Cumming’s answer is to do away with p and simply report how big our effects are and then convey how precise our measurements are in the form of a confidence interval, usually set at 95%. Back to testosterone, if we found that men had 30 +/- 5 mg higher testosterone than women, then that statement conveys both the size of our effect (30 mg) and the amount of uncertainty we have about the data (it could be off by 5 mg in either direction). Cumming thinks that this method is superior in every way to the significance tests that are so popular because it reports more information in an easier to digest format. It also lends itself to more reliable estimates of how our results would turn out if we conducted the experiment again. Replication of an original study with a p of .05 can range from <.001 to about . 40. That’s a huge range! You could get lucky and find very strong evidence or you can be unlucky and never have a chance in hell of getting results published. Alternatively, if the original report estimated an effect of 30 +/- 5 then there is an 83% chance that a replication study will find a value between 25 and 35. That does seem a lot more informative than p.
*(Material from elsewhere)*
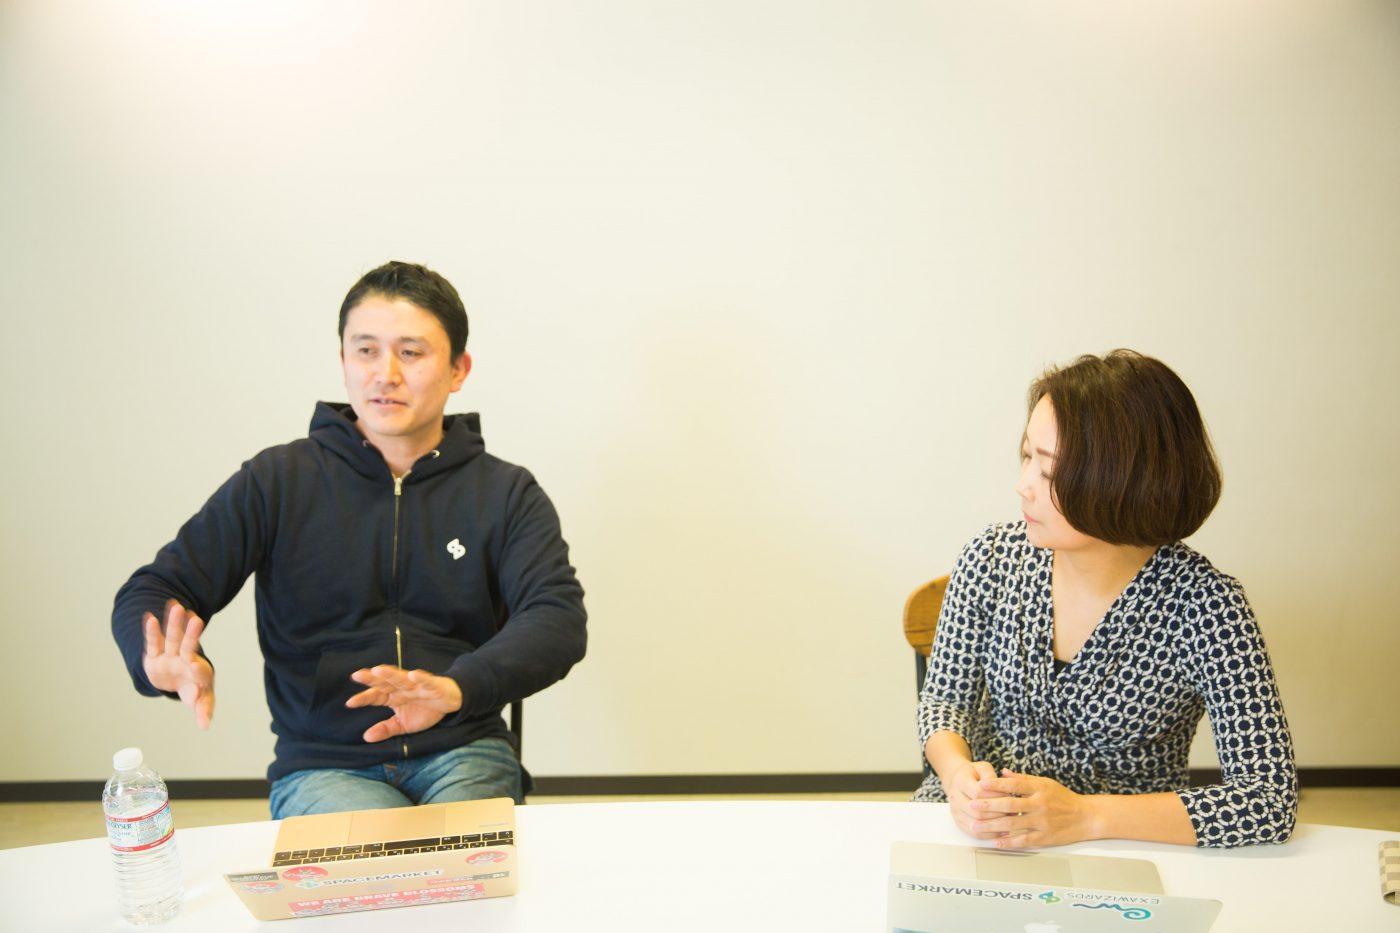 重松氏と佐藤氏が出会ったのは、重松氏が新卒で入社した会社を辞めてベンチャー企業に転職するときのことだった。

He goes into a lot more about meta-analysis and effect sizes, but I don’t really want to write anymore since this post is pretty long. Maybe I’ll continue it in another! Thanks for reading.
2 thoughts on ““New” Statistics and Research Integrity”
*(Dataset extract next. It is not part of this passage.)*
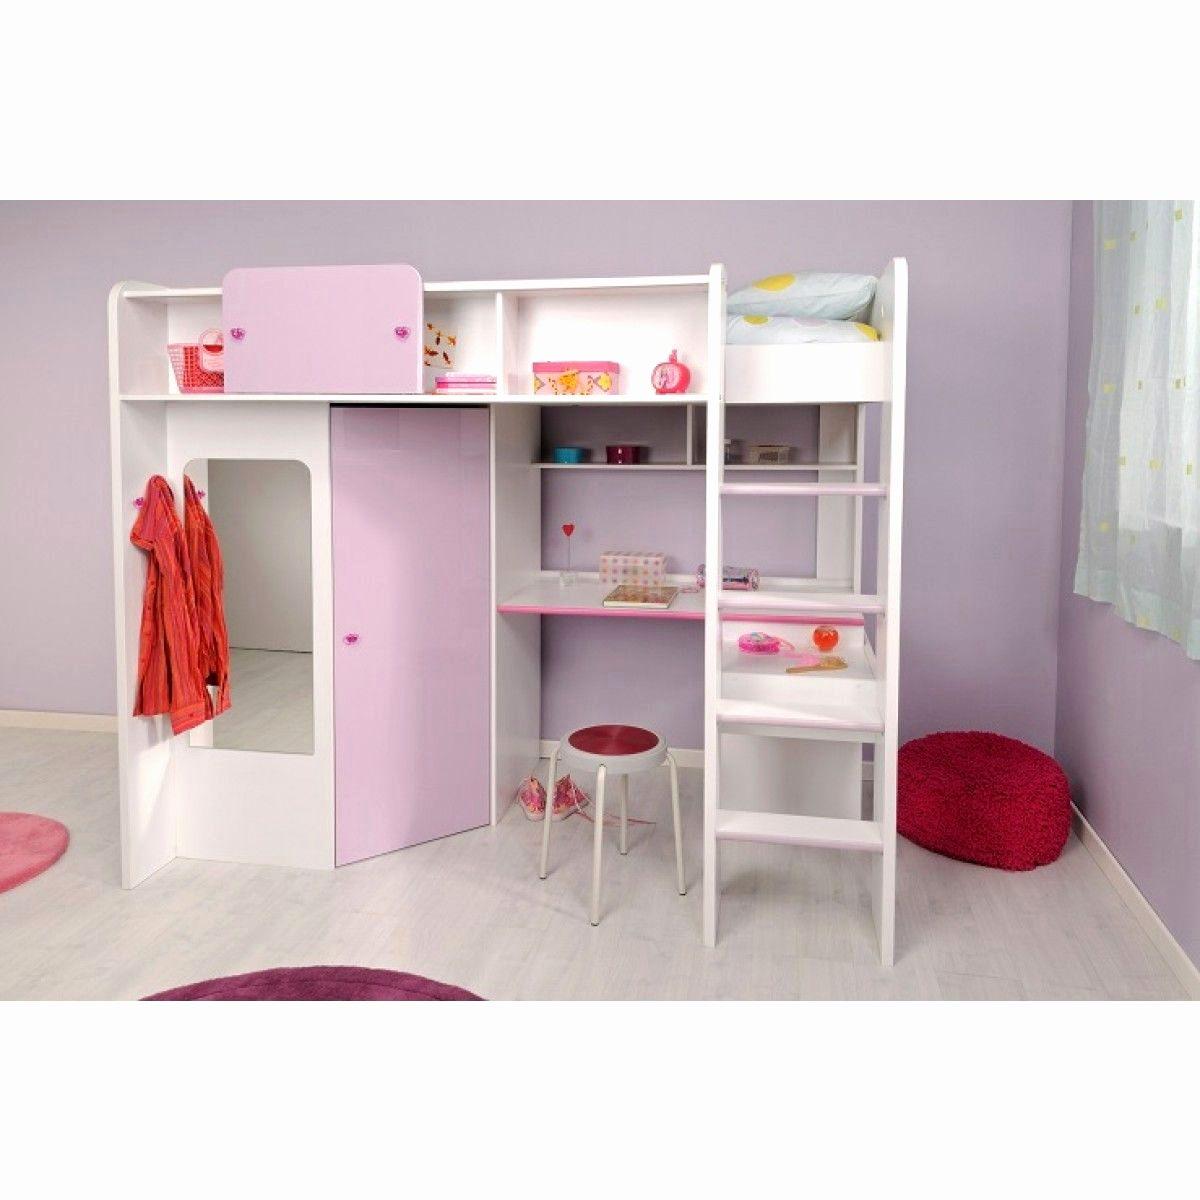 Lit Mezzanine Et Bureau Élégant Lit Mezzanine Avec Rangement Luxe Lit Mezzanine Bureau Fille Fresh

Hi, I really liked your post and it reflects very much what I’ve been thinking about hypothesis testing and p-values. But to disregard the p-value altogether seems to me to pour the baby out with the bath water.
A p-value can be a valuable tool to guard against “making a fool of yourself” (which, according to David Colquhoun, is the main purpose of statistics). Indeed, if you proceed to set up a straw man (a null hypothesis that you already know unlikely to be true) only to knock it down (p < 0.05) then you gain very little. But in exploratory analysis, this can be quite helpful to prevent you from going down the wrong path: you make an experiment, you find an apparent effect, and you are excited, but then you calculate p = 0.25 (say) and abandon your hypothesis on these grounds.
In other words, I think that hypothesis testing can be a first step or rather one of many steps that one could and should take when exploring a hypothesis, each of which bolsters (or deflates) our confidence that there might be something to it.
This would also get rid of the dichotomy that hypothesis testing is a frequentist procedure with a Bayesian aim: we want to know P(Hypothesis | Data) but have P(Data | Hypothesis).
Thanks for the reply, Stephan, I think you make some good points.
/But in exploratory analysis, this can be quite helpful to prevent you from going down the wrong path/
So you think that a p-value can reliably be used as a sanity check, rather than the main hinge of the analysis. I can agree with that. I think that the importance of the result shouldn’t depend solely on the p-value, but I can see why we would want to use it as a sort of corroborative evidence to see if we have converging evidence towards our hypothesis.